Он посмотрел на Бэнсона, и тот упрямо кивнул. Подтвердил негромко и твёрдо:
– Сюртук, Гольцвинхауэр, Дюк, Соколов, Дудочник, – все собиратели черепов скоро будут сидеть рядом с Филиппом. Все, какими бы важными лордами они не оказались.
Симония, Анна и Элизабет приостановили на минуту работу и встали поближе, безсловно участвуя в разговоре. Присоединилась к ним и жена Стэнтока, а Стэнток подошёл к нам. И я ему сказал:
– У вас есть выбор. Можете остаться здесь, станешь командиром кордгардии «Девяти звёзд». Можете поехать со мной в «Шервуд», там жизнь более мирная, к тому же там живёт весёлая и дружная компания детей.
Он молча взглянул на жену, и она вместо него сообщила:
– Мы уже советовались. Очевидно, что в вашем, мистер Том, мирном замке нам было бы и милей и уютней. Но здесь кроме моего мужа нет больше обученных офицеров, и ещё – я единственная опытная женщина, извините за такую подробность. Жизнь течёт, и когда Анне и Элизабет придёт срок рожать своих детей – кто тогда будет рядом с ними? Да, жизнь в отдалённом монастыре – нелёгкое служение, но мы с мужем выбираем его.
Я с уважением поклонился.
Звонко лязгнула о мрамор поварская ложка. Мы разом взглянули туда. Элизабет, тоненькая аристократка, бледная от волнения, торопливо подобрав выпавшую из её руки ложку и, откладывая её на деревянную доску, с сильным напряжением в голосе спросила меня:
– Как быть мне, мистер Том? Не разрешите ли вы и мою судьбу в приказном виде, как судьбу Анны и Робина? Ричард, причастный к убийству моего мужа, поклялся в безусловном служении мне. И в своей странной, непонятной для меня любви. Не от него ли мне предстоит родить детей? Что тогда? Снять ли мне траур?

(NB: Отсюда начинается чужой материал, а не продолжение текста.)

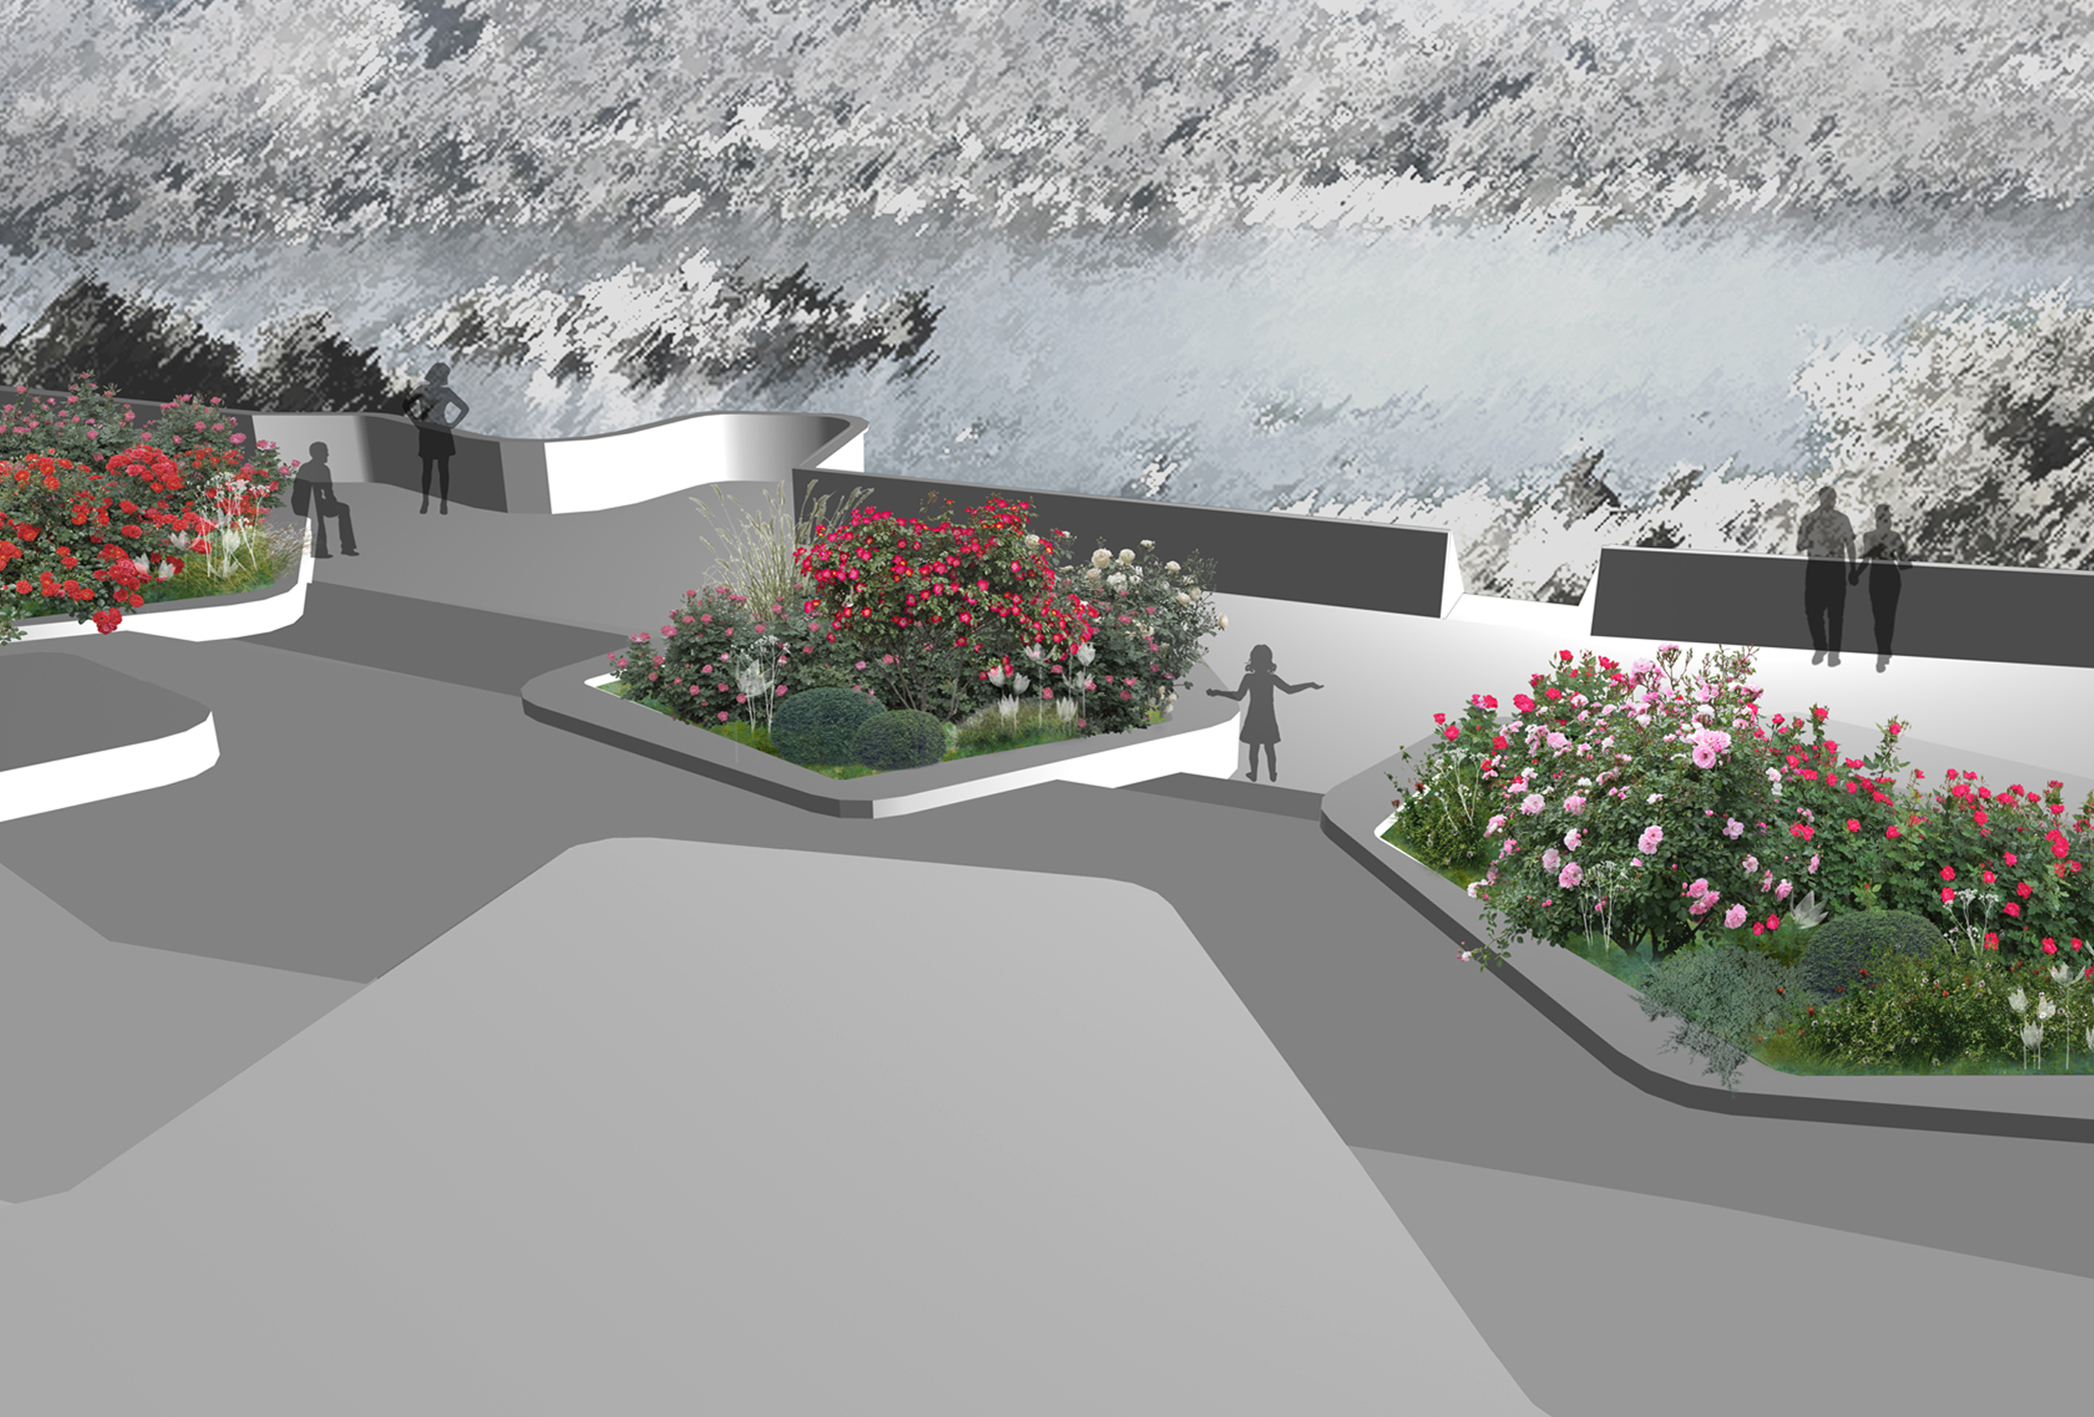 giardino-a-Orta-San-Giulio

Я не нашёл сразу, что ей ответить. Посмотрел на Ричарда (он побледнел), на Сову, Бэнсона, на Ивана. Иван сказал тихо:
– Это трудный вопрос. Но, раз он задан, надо решать, Томас.
Я снял треуголку, медленно опустил её на полированную поверхность мраморной полки. С силой потёр затылок. И объявил:
– Траур снять. Замуж за Ричарда… не выходить. Служение его вам, как кровного должника, принять совершенно без всяких с вашей стороны обязательств. И только если Богу угодно будет послать вам, Элизабет, ответную любовь к Ричарду, или любовь к кому-то другому здесь – выходите за того замуж с сердцем лёгким и радостным. Ваши именитые и богатые предки, много поколений выбирая в жёны самых красивых в своём окружении женщин, накопили в своём потомстве высокую женскую красоту, которую мы все сейчас видим в вашем лице. И вашим служением Создателю нашему было бы продление этого волшебного лучика в ваших будущих детях. И ради ниспослания вам такого счастья молитесь об этом и утром, и вечером.
– Прекрасное решение! – вдруг горячо воскликнул новый настоятель монастыря. – Охотно поддерживаю его.
Элизабет, отделённая от меня мрамором, слегка присела, склонив голову, заливаясь румянцем. Потом, выпрямившись, взглянула, блеснув слезой, в сторону Симонии. Симония приблизилась и обняла её.
Вошли в этот миг Готлиб и Робертсон.
– Лошади все устроены, – доложил Робертсон, а Готлиб машинально прошёл к плитам, и Симония, как пружинкой притянутая, подошла к нему.
– Робина и Анну обвенчаю уже завтра, – сказал, глядя на них из-под капюшона, Иван. – Сегодня день истрачу на то, чтобы найти и освятить помещение для часовни. Если пожелаете, вас обвенчаю тоже. Приедете в «Шервуд» уже супругами.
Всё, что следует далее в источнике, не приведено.